While that trend continues for some, there is growing evidence that an increasing number of South Africans are choosing to return.
According to Richard Malyon, chief executive officer of Fine & Country South Africa, property professionals, recruiters and wealth advisers are reporting heightened interest from expatriates looking to buy homes, relocate their families or retire in South Africa.
"Although there is no single dataset that measures the trend nationally, the movement is becoming increasingly visible across the residential property market," he said.
One of the biggest drivers behind the return is purchasing power, according to global mobility provider Sable International.
Fine & Country South Africa notes that South Africans who have spent years earning salaries in British pounds, euros or US dollars often return home with significantly greater buying power than those earning in local currency.
Through accumulated savings, investments and foreign pensions, many can afford luxury homes that would be considerably more expensive in the countries where they previously lived.

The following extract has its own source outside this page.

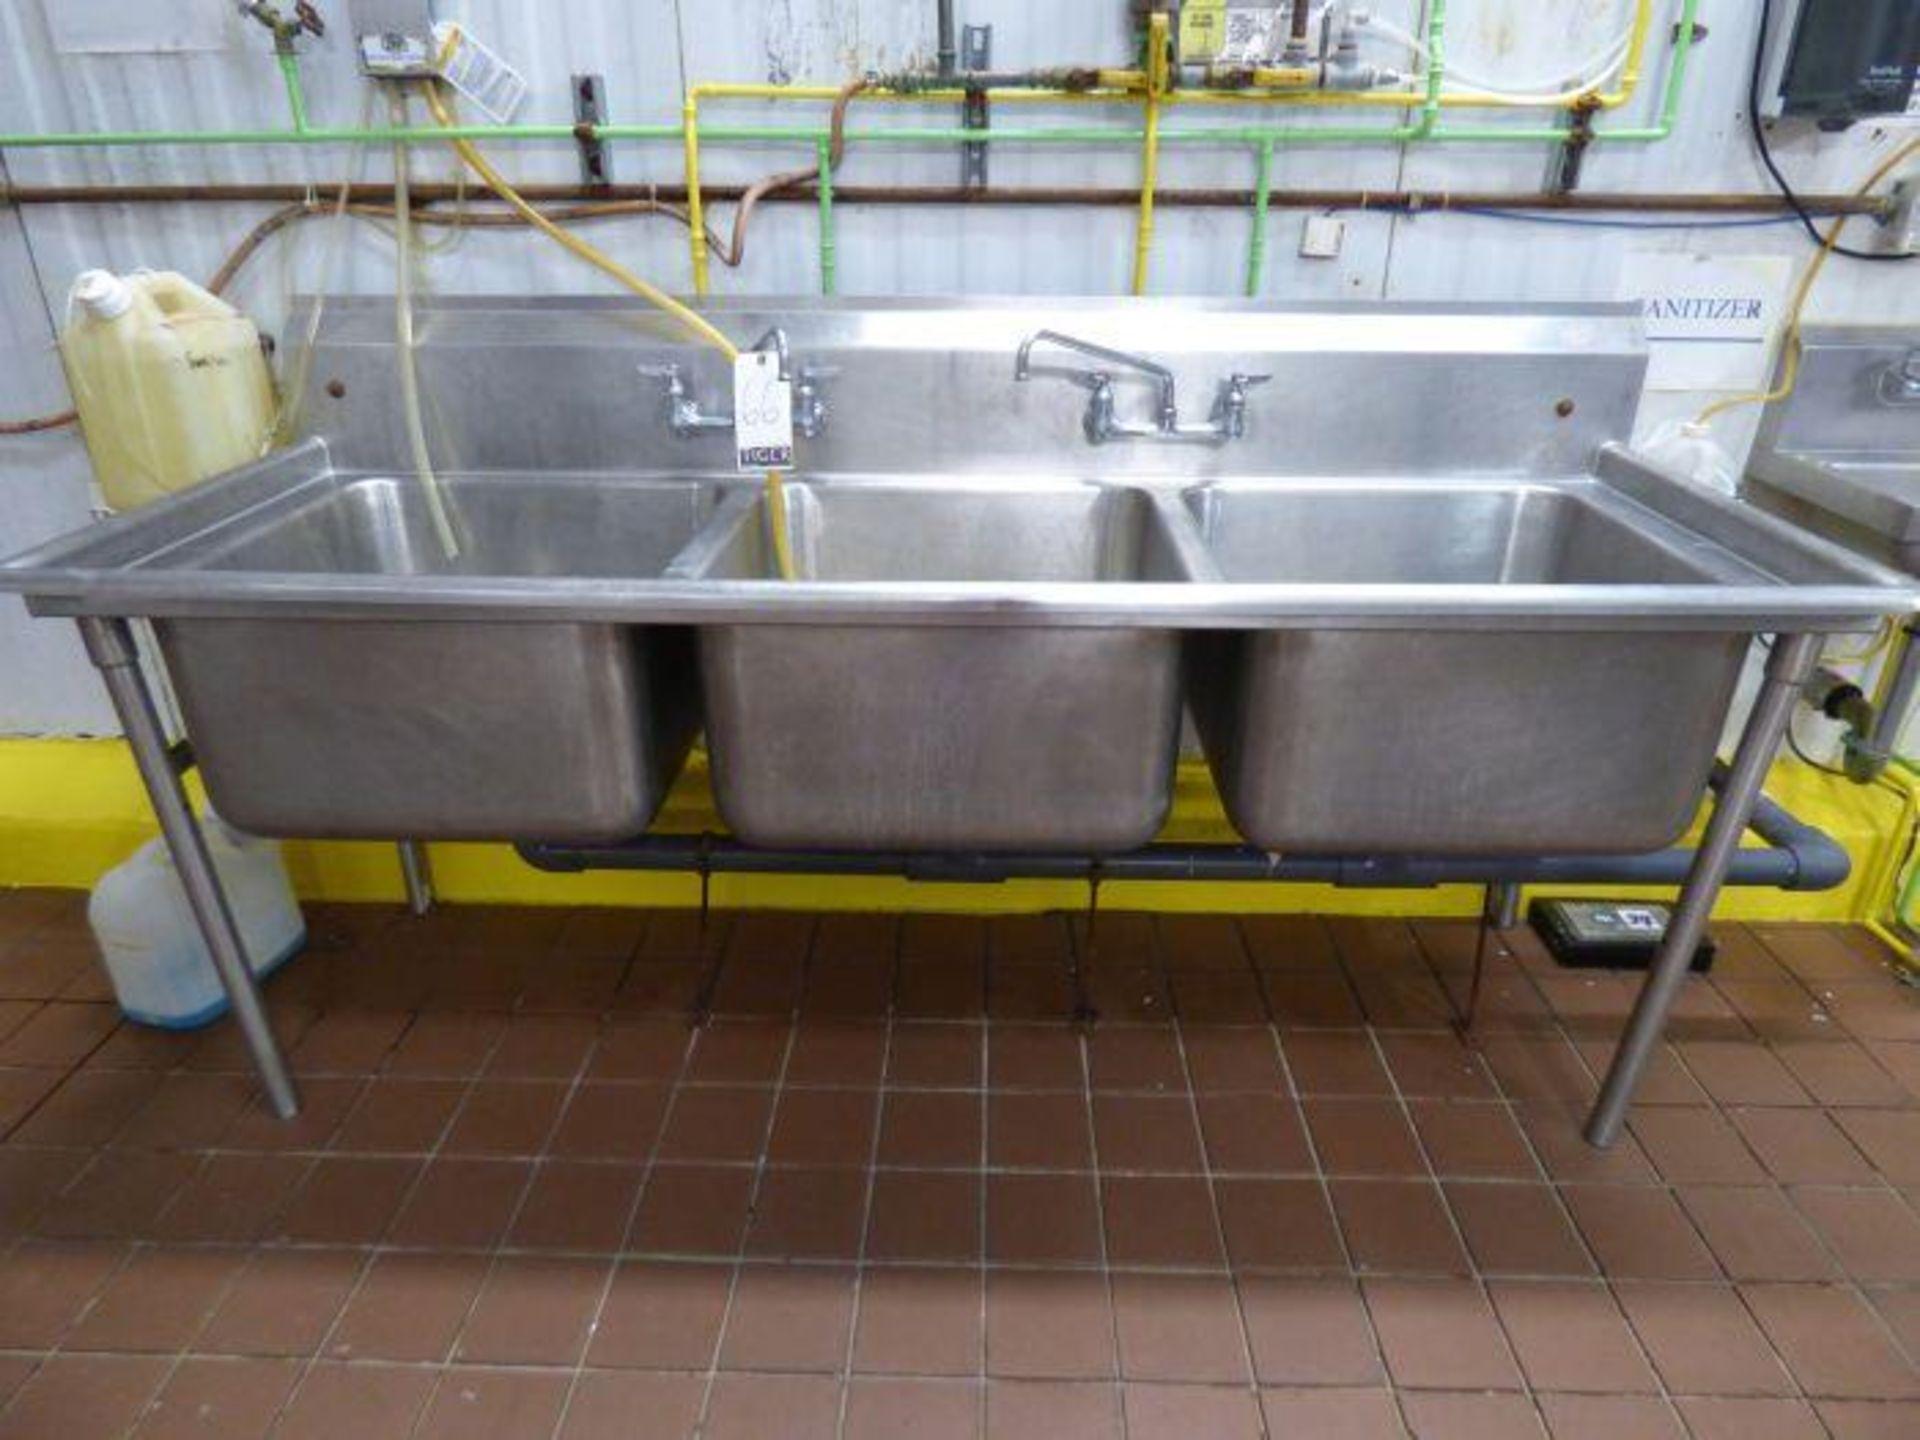 Lot 1066 - Lot Stainless Steel Sinks

For retirees in particular, Malyon said South Africa offers the opportunity to enjoy a high standard of living at a lower overall cost.
Financial considerations tell only part of the story.
Malyon said many returning South Africans cite family, lifestyle and quality of life as equally important reasons for coming home. Being closer to parents and grandchildren, enjoying South Africa's climate, outdoor lifestyle and strong sense of community often outweigh purely economic considerations.
According to Fine & Country South Africa, the renewed interest from returning expatriates is creating additional demand in established lifestyle estates and premium suburbs.
These buyers are typically financially secure and are looking for long-term family homes rather than short-term investment opportunities.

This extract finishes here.